Сороковой год был бесцветен, сероват и тих. Мужчины еще носили шляпы, но не праздничные канотье, а серые фетровые шляпы с черной лентой, которая хорошо сочеталась с черными швами на женских чулках. Постоянно помня о присутствии смерти, все носили траурные ленты на левом рукаве пиджаков и пальто. Люди в сороковом году ходили опустив голову, и если в их жизни случалась любовь, скрывали свое счастье за толстыми стенами домов, где лампочки в двадцать пять свечей едва освещали клеенки на обеденных столах, все в хлебных крошках. Вся страна была большой клеенкой с желтоватыми цветочками, потемневшими под тусклыми лампочками марки «Осрам». Единственными хорошо откормленными существами были барселонские голуби, которые вили себе гнезда под крышами домов района Эшампле и могли летать, не обращая внимания на типов в темных плащах и выражением ненависти на лицах, искавших коммунистов, масонов, националистов и евреев. И все мы были евреями, националистами, масонами, коммунистами и красными, Микель. И в Фейшесе, на площади Велья, все обстояло точно так же, разве только масштаб был не тот. Потому что все мы несли на себе груз печали. И те немногие, кто говорил в полный голос, либо топтали всех остальных сапогами, либо с улыбкой позволяли наступить себе на любимую мозоль и тут же подставляли под сапог новую мозоль.
После войны, развязанной между мною и моим отчимом, и моего унижения в тот день, когда я из мести решил проиграть в карты дом, пришел черед Четвертого Большого Разочарования. Все разочарования в этом рассказе, Микель, ведут начало от твоего отца, бывшего мне когда-то другом. Твой дед никогда меня не разочаровывал, потому что всегда действовал предсказуемо – так, как я от него и ожидал. У меня Шесть Разочарований, точно так же как у Дворжака девять симфоний, как и у Бетховена, а у Малера их десять, а у Мендельсона – пять. Но я ближе всего к Шуберту, потому что не знаю, считаются ли наброски симфонии ре мажор? Восьмая симфония – на самом деле Седьмая? А значит, Неоконченная? А Гмунден-Гастайнская симфония, № 9, до мажор, известная как Большое Разочарование, то есть Большая Симфония, получается, восьмая?
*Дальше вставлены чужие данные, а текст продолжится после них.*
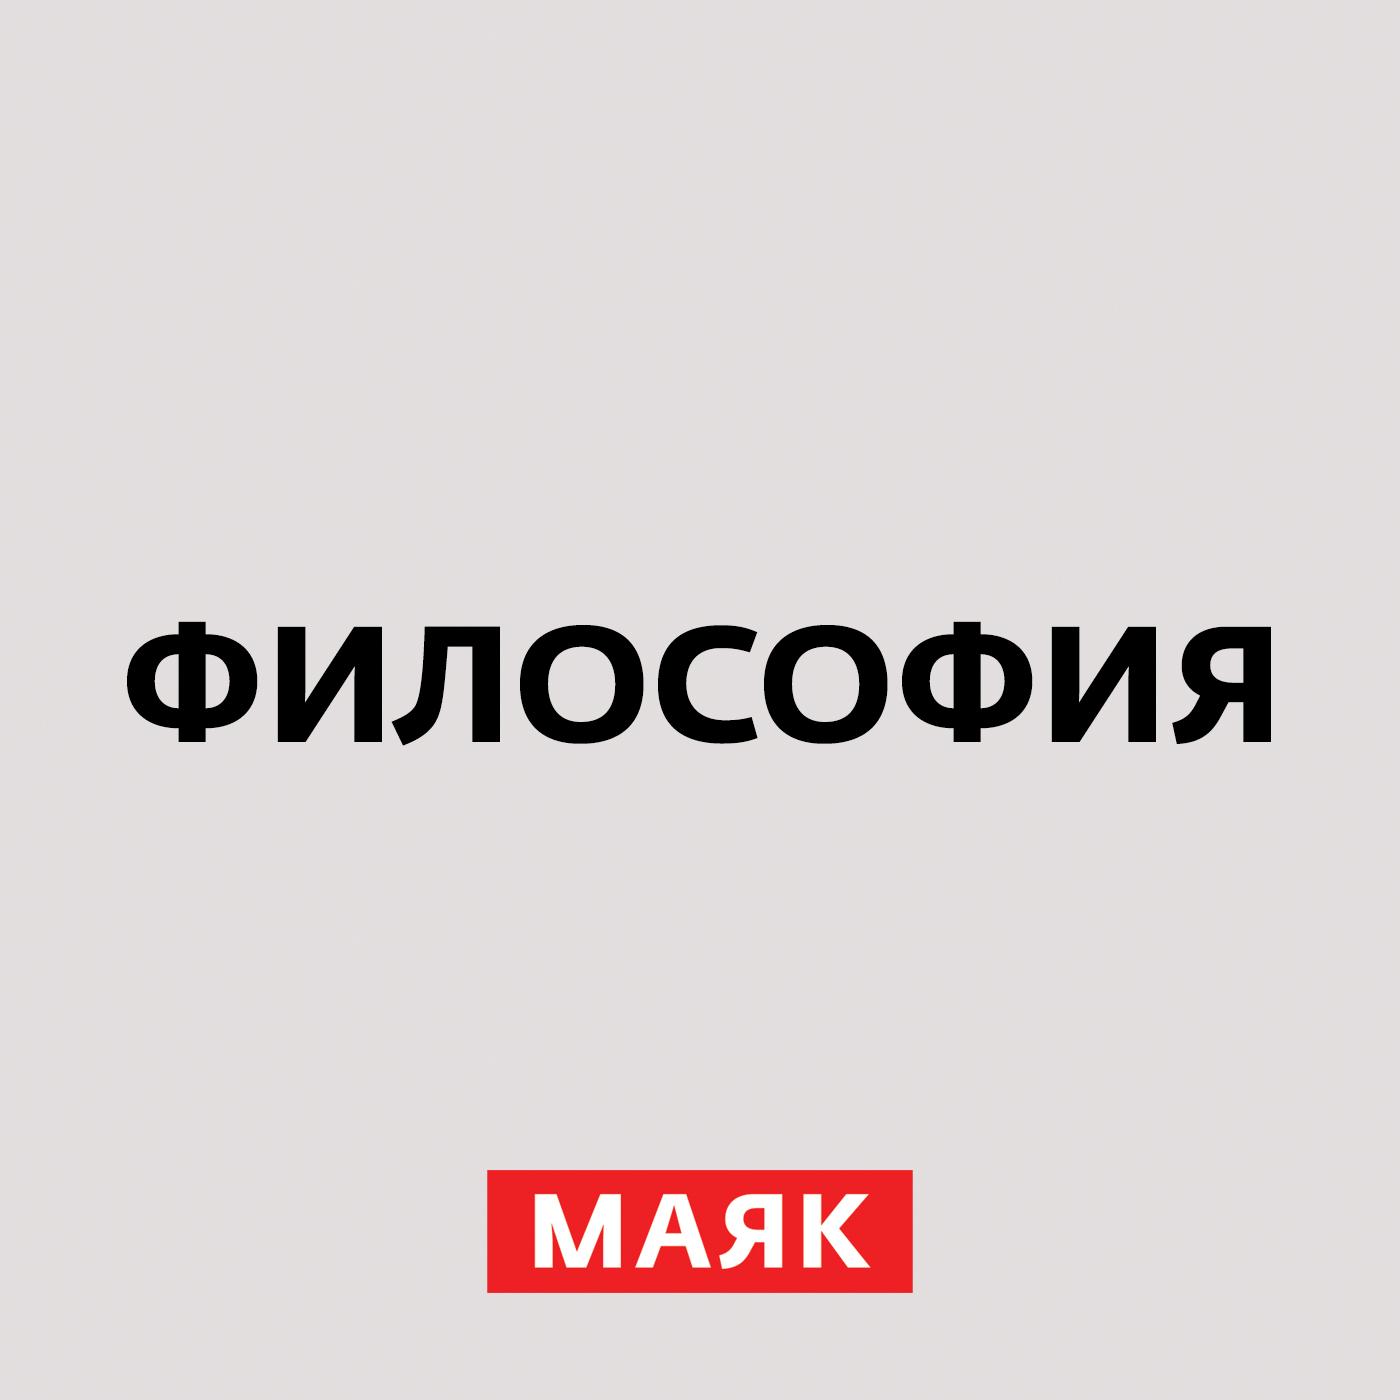 Творческий коллектив шоу «Объект 22» Философия Фридриха Шеллинга творческий коллектив шоу объект 22 фрэнсис бэкон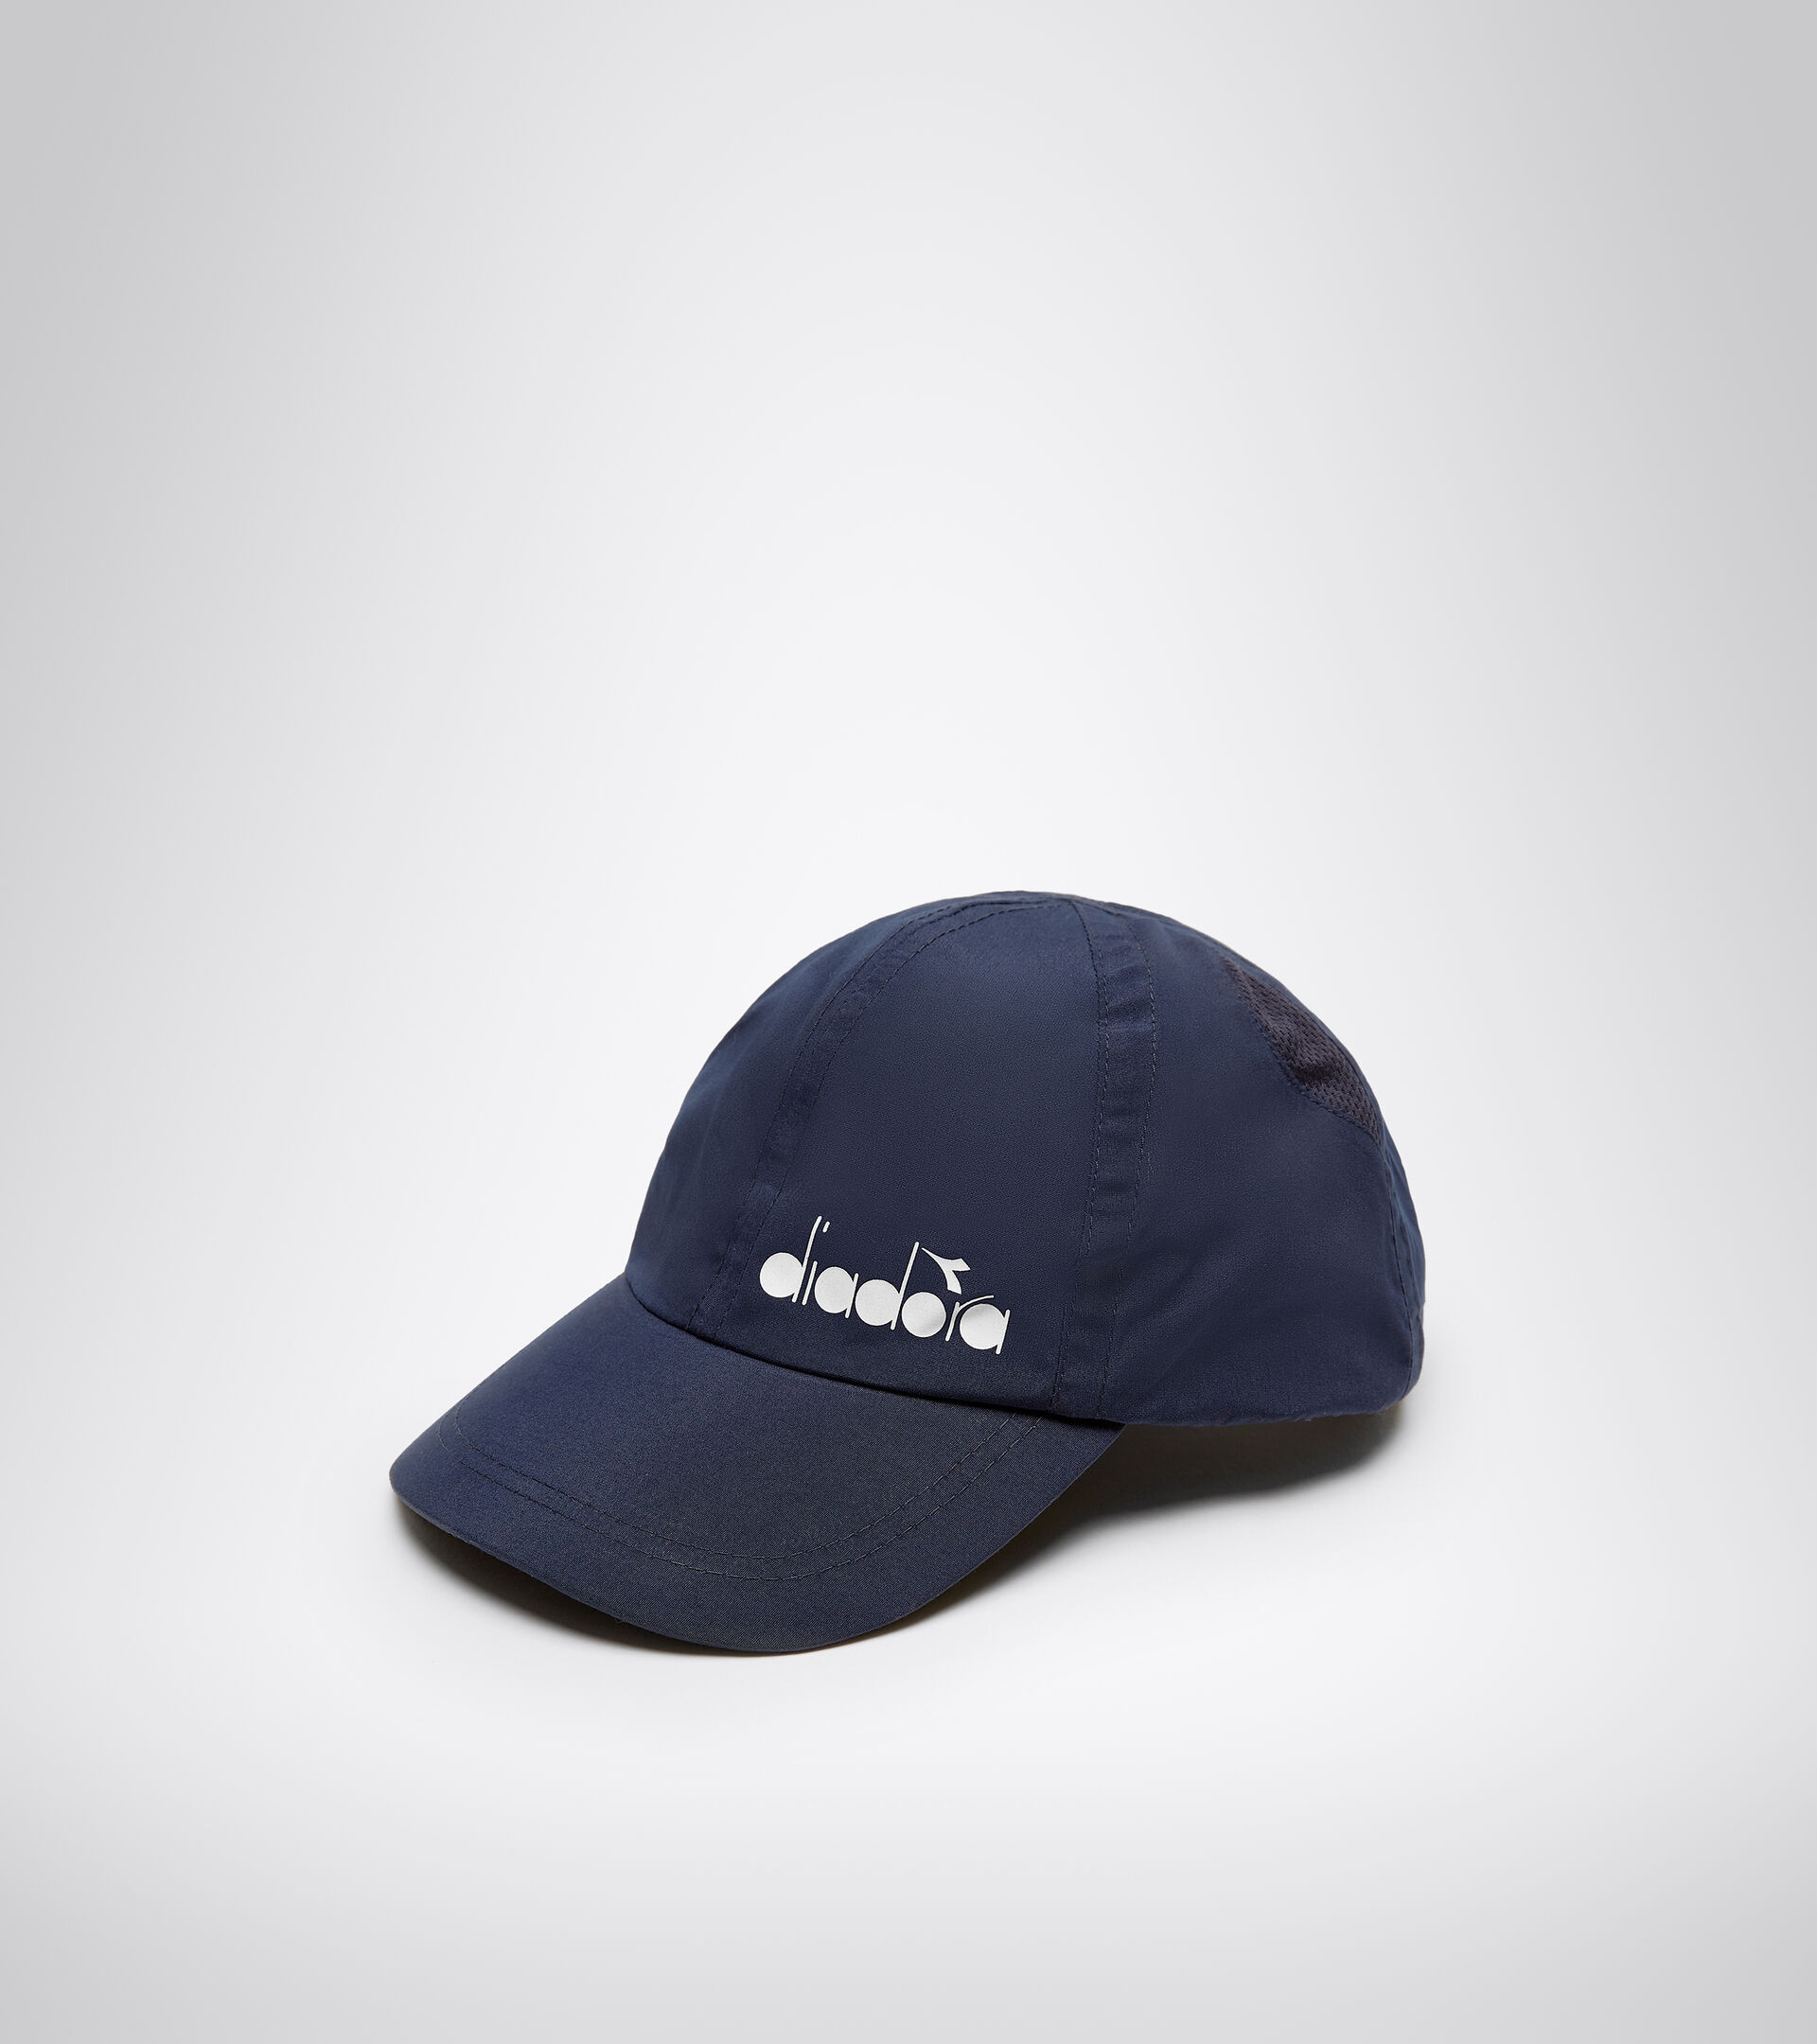 Cappellino con frontino CAP COURT BLU ESTATE - Diadora

И я сказал, что я ближе всего к Шуберту, потому что историки приписывают мне Шесть Больших Разочарований. Можно было бы возразить, что Четвертая и Пятая Симфония, то есть Четвертое и Пятое Разочарование, – на самом деле одно и то же Разочарование в двух частях. Я, как свой собственный биограф, беру на себя смелость их разделить. Четвертое началось с того, что произошло в казино, а Пятое – в тот день, когда твой дед снова взял меня за горло, уже после того, что произошло в казино. Я читал Овидия в библиотеке поздним утром. Я только что дошел до «Posse pati volui, nec me tentasse negabo: / vicit Amor. Sed vos, per ego haec loca plena timoris»[124], когда увидел, что на эту прекрасную историю лег лист бумаги, на котором что-то было напечатано, и услышал голос твоего деда, который говорил мне: «Подпиши вот здесь». И показывал пальцем, где именно, чтобы не было никаких сомнений.
– Не буду. Что это?
– Подпиши, я тебе сказал.
– Что это такое?
– Твой добровольный отказ от прав на дом.
– Как это? – Я действительно не мог в это поверить, Микель. Он что, с ума сошел?
– Прекрасно! Если нет у тебя на то доброй воли, – теперь он сел напротив меня, – твое согласие будет вынужденным, в соответствии с медицинским заключением, которое засвидетельствует, что ты расточитель и картежник. – Он опять постучал пальцем по бумаге. – Подпиши здесь.
Я взял бумагу, как будто хотел хорошенько рассмотреть, и разорвал ее на мелкие кусочки, не прочтя не единого слова в этой бесстыдной фальшивке.